Monday, June 28, 2021

Not So Sleepy Daze

I took a week off from work because I need a break. The pandemic was exhausting (even saying those words, I'm still just hoping it's over, and I don't jinx it). 

This morning, I woke up at 5 am and shouted, "One day, I would love to just sleep until 9 am!"

Really, I just need a couple days to breathe. To sleep. To dream. To think and visualize what comes next.

Yet of course, never one to stay idle. I'm filling up the days with projects and a few meetings for opportunities to promote my book along with a mini vacation. 

There's a lot to do on the writing and promotions/podcasting front. Really I have a lot to do for my own peace of mind. You may have seen, I'm an early planner. My goal is to make it all look easy, but as you know, it's not. Though I must add that sometimes I do things the hard way, like feeding my dogs by hand this morning while listening to John Lennon.
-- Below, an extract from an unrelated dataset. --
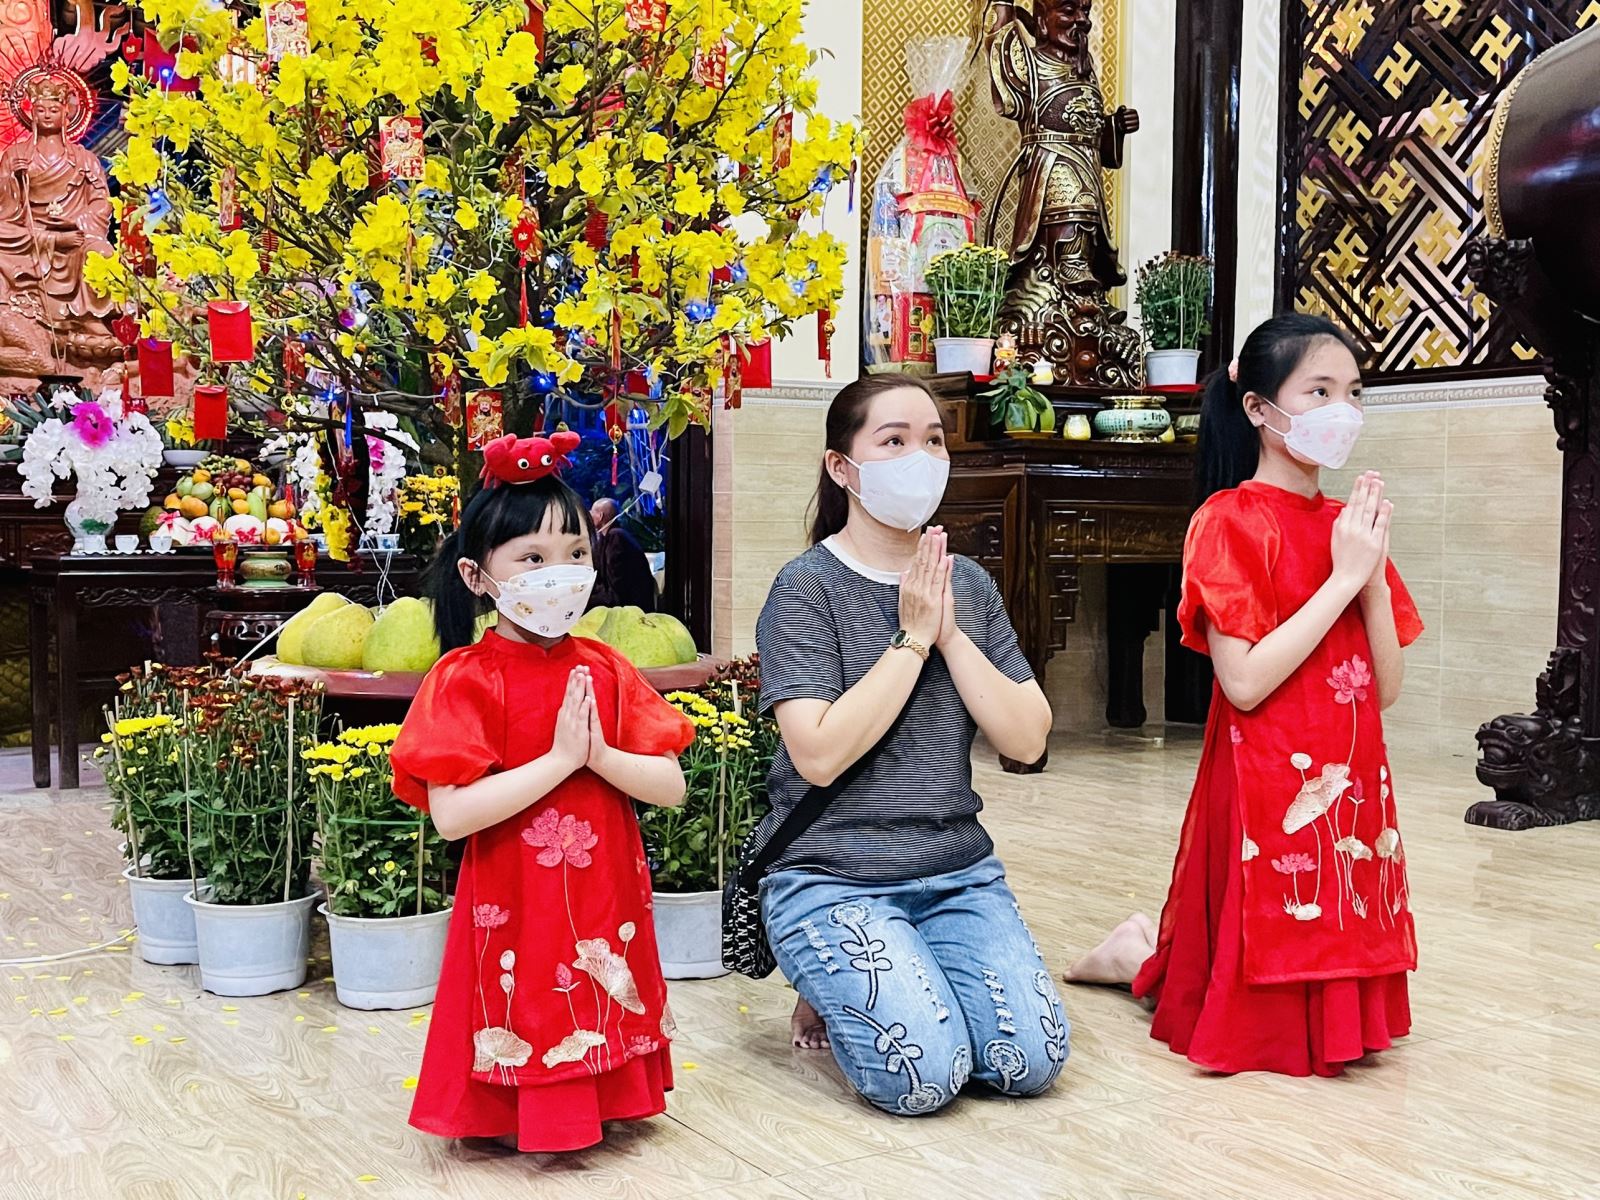 Tận hưởng không khí tín ngưỡng và lễ hội tại TP Hồ Chí Minh bằng cách xem những hình ảnh đầy màu sắc của Lễ chùa Tết. Cảm nhận sự hoành tráng, tôn nghiêm và ý nghĩa của ngày lễ thiêng liêng này.

I'm also a perfectionist which may not seem obvious, but it's also just my standard of perfection which I'm working on. Meaning, my closet may be a mess and I haven't cooked dinner for 2 weeks, but the writing and other work gets done.

The hardest part of all of this for me, if I'm gonna confide a little here, is not to sabotage myself. There's that reckless side of me who just wants to celebrate and party the next few months away. But that's not how I got here. I got here by staying home every weekend for a year and working my butt off on my writing. I didn't get here by drinking anything but coffee. 

Well, I better go, I got a lot to do.